En Ile-de-France, pendant vingt-cinq ans, les cinq villes nouvelles ont représenté à elles seules 10 à 15 % de la construction dans la région, et pas loin de 20 % de la construction de logements sociaux. Ces villes sont arrivées à leur terme, et aucun relais n'a été pris.

Quel type d'urbanisme pourrait permettre de redresser la barre ?

Il faut que nous relancions les secteurs bien desservis en transports. Il ne s'agit pas de refaire une politique de type ville nouvelle, mais une politique moins ambitieuse, en faisant grossir les villages, par exemple.

Pourquoi est-il si difficile de garder le rythme en matière de construction ?

Avec la décentralisation, chacun à son petit niveau peut tout bloquer. Il y a l'Etat, qui finance, la région, qui est responsable de la révision du schéma directeur de la région Ile-de-France (Sdrif), la ville, qui statue sur le plan d'occupation des sols et l'attribution des permis de construire.
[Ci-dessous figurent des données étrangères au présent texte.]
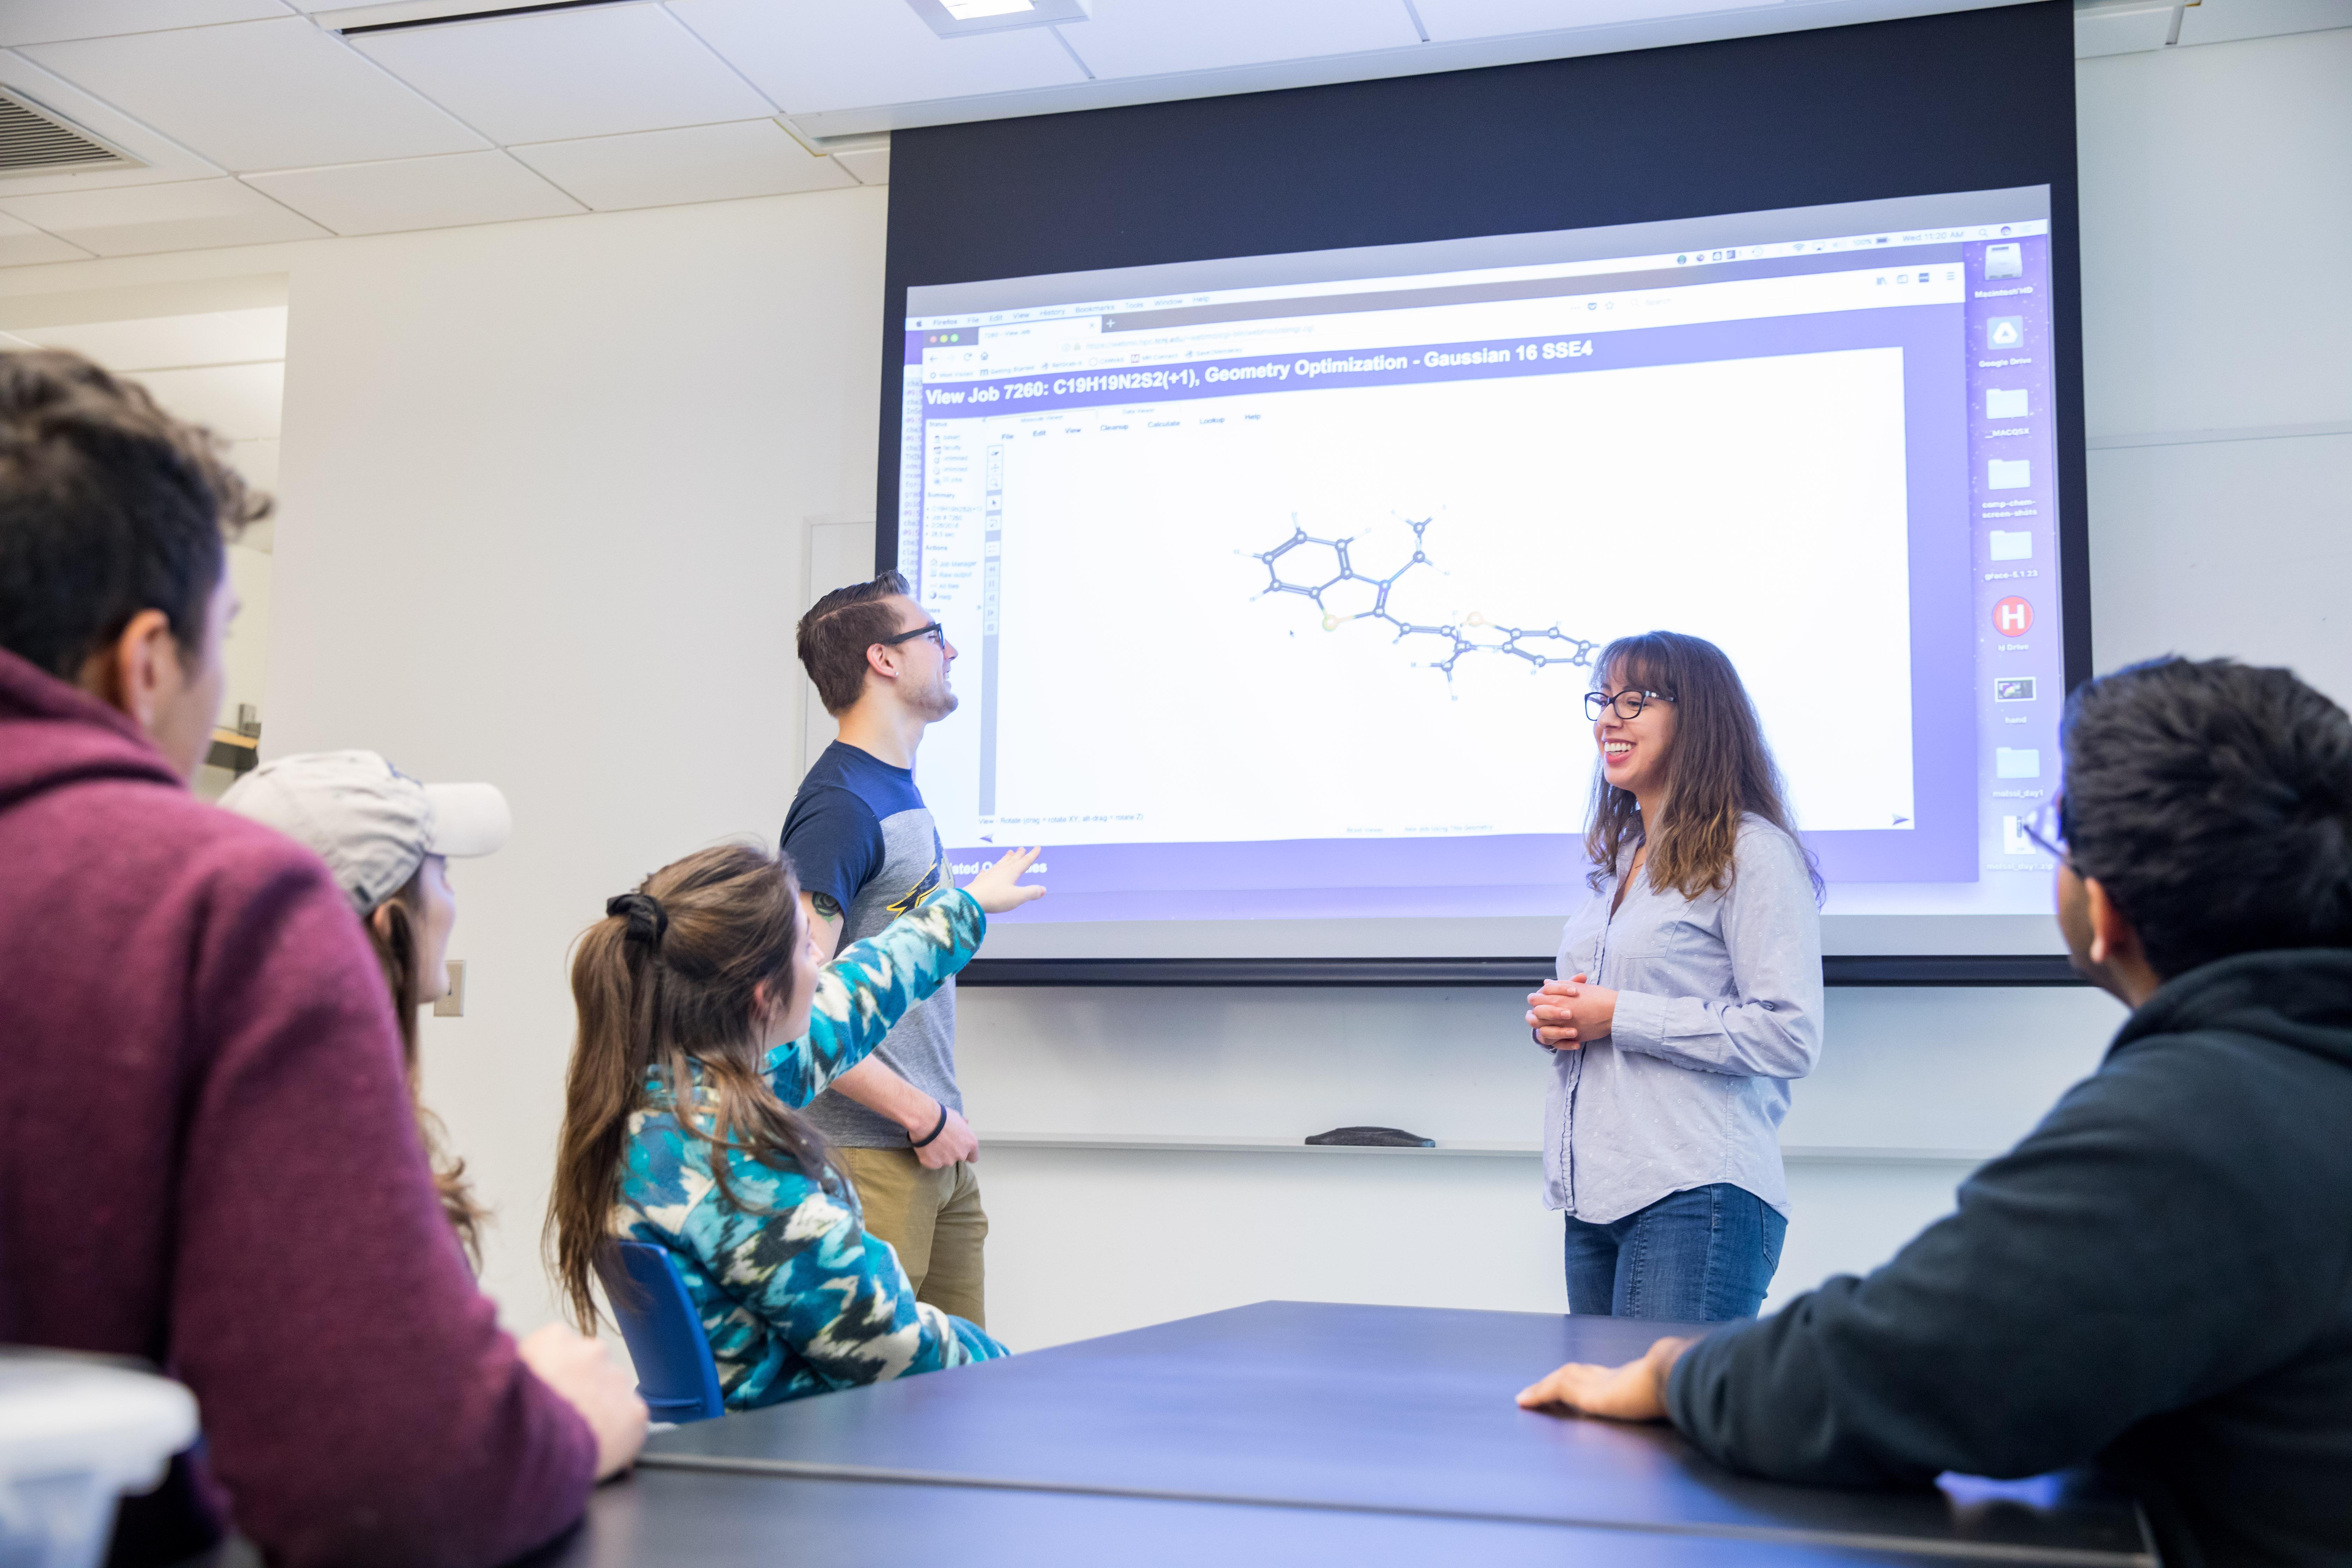 Chemistry Secondary Education Degree Program

Il y a aussi le département, qui tient les cordons de la bourse sur certains sujets. Nous avons inventé un système qui conduit à la paralysie. En province, elle est contournée grâce aux communautés urbaines, qui tranchent.

Quel type de structure pourrait mettre un terme à ces querelles ?
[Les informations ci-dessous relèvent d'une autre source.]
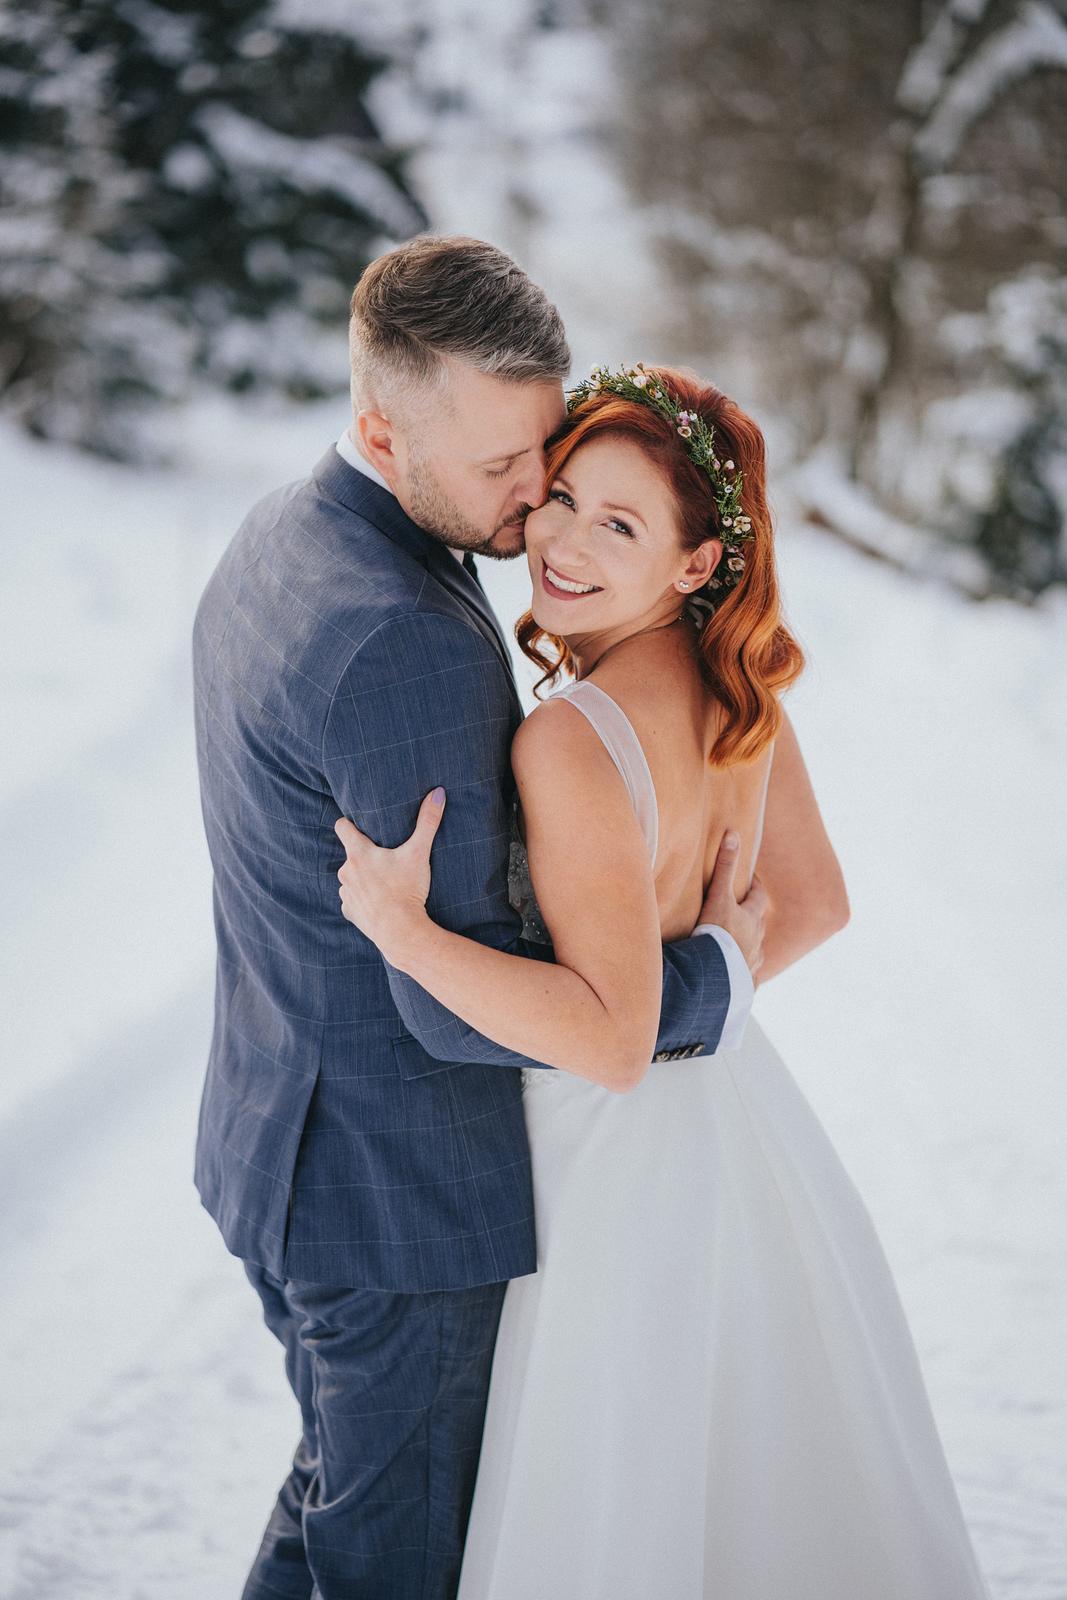 Zimní svatba M&M - Obrázek č. 2

L'établissement public foncier régional est, pour moi, la réponse la plus pertinente. Elle permettrait d'équilibrer le territoire en matière de logement. Mais des départements comme les Hauts-de-Seine sont en train de créer les leurs, pour garder la main mise sur les projets de construction chez eux. Sur ce point, je suis en opposition totale avec le président des Hauts-de-Seine [Nicolas Sarkozy], qui y voit aussi son intérêt : dans son département, il y a davantage d'emplois, donc de recettes fiscales. Il veut garder le contrôle de ses richesses. C'est une guerre de pouvoir.

Les procédures sont-elles également en cause ?

Elles sont effectivement beaucoup trop complexes. Il faut simplifier le Code de l'urbanisme de façon radicale et être beaucoup plus rigoureux par rapport aux recours abusifs, qui sont devenus un vrai business. Les gens font des recours pour tout et n'importe quoi. Comme les promoteurs ne peuvent pas attendre, ils paient pour que le recours soit retiré. Quand une association sera condamnée, ils arrêteront. En province, ce type de procédure est beaucoup plus rare, car les enjeux financiers sont moindres.